Sur La Table had used industry language rather than consumer language, and it was creating frustrations for the customers that couldn’t find what they were looking for.
It’s not that Sur La Table was purposely trying to frustrate customers (who is?!). It’s just that they neglected to design their content to meet the needs of their audience. Thankfully, James was able to help them with their taxonomies so that they made sense for the average Jane and Joe.
Be Considerate: Think content (and user) first
All of this serves as a valuable User Experience lesson, because after all, UX is about how life actually works, not how we’d like it to work. The second we forget this is the second we make assumptions about what should be instead of doing the hard work of designing to what is. The former leads to frustrating experiences, the later to delightful ones. Translation: happy customers, clients, and consumers.

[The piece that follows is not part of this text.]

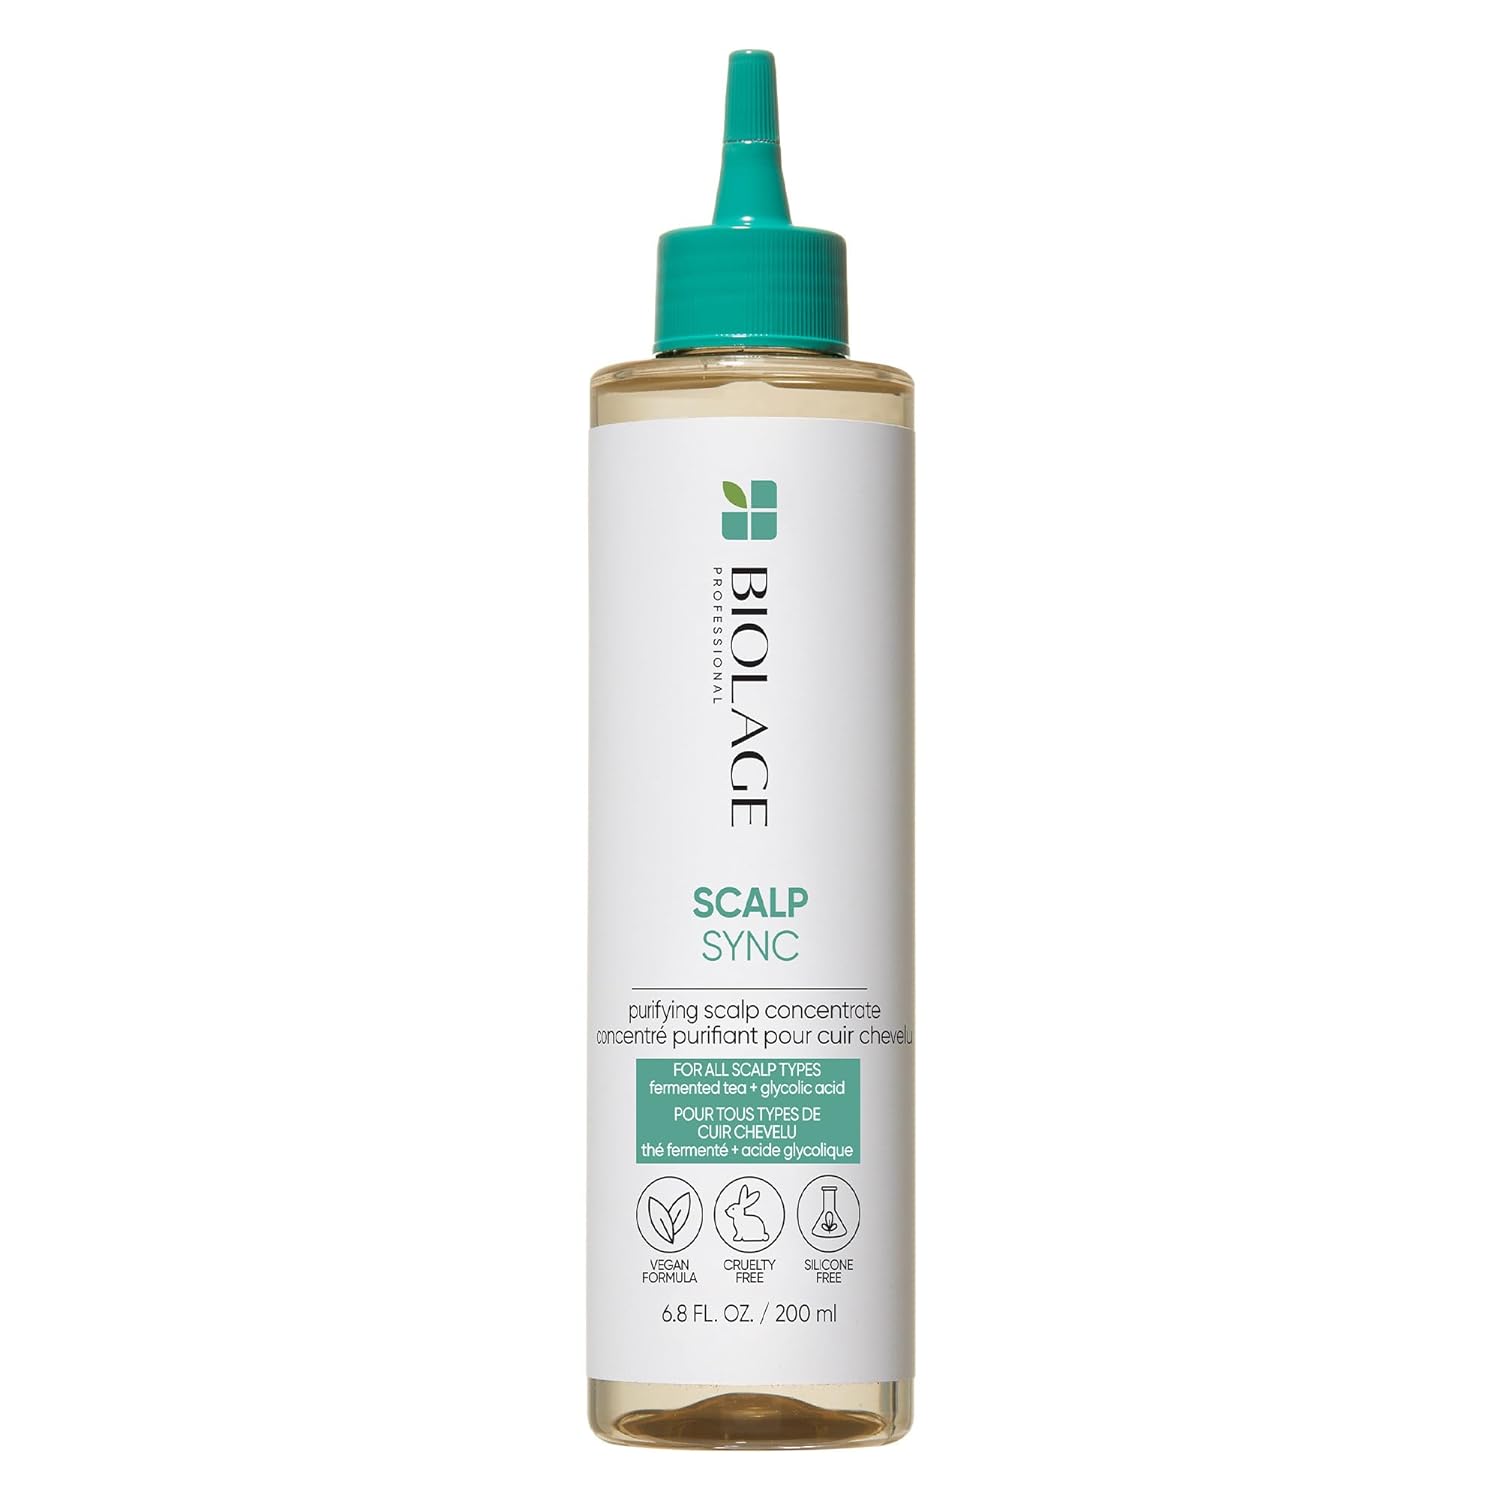 Biolage Scalp Sync Purifying Scalp Concentrate | Exfoliates & Clarifies Scalp Buildup | For All Scalp Concerns | Paraben & Silicone-Free | Vegan | Cruelty Free | Balancing Scalp Treatment

Often, when we’re asked to help redesign a website, what the client is really asking is to make it look more modern or to squeeze it into a responsive layout. Unfortunately, this will usually not fix the problems because the real problem is a content one, not an aesthetics or device capability issue.
These content problems arise because it becomes very easy to fall into a pattern of thinking that the way you talk as an organization, and the way in which you organize your content, is the way that your customers, clients, and consumers would. Quite often, however, this is not the case. Rather, the end users of a website come with a very different mindset than the internal mindset of the organization.
Building a site that considers the end user’s point of view requires doing the hard work of listening and adapting to their mindset rather than our own. In the case of my son, Dylan, this is easy. I talk with him everyday. With our end users, it takes a conscious and considered effort — a purposefulness that must be cultivated and that does not come naturally. But, then again, shouldn’t we be talking with our customers frequently too?
Time and time again, I advise clients to start with a web redesign that focuses on content first and then moves into visual design and responsive web design.
By doing so, we take into consideration information architecture, navigational flow, taxonomy, search engine optimization, governance, workflow, and more. All of this is rooted in a deep understanding of the user and his or her context.
Only then do we focus on the important work of visual design and responsive development. By doing this, we show our deep respect for the folks who will actually use the website, and we don’t punish them for not thinking and talking the way we do. We recognize the validity of where they are, and we meet them there to serve them well. It’s hard work, but it’s always worthy work.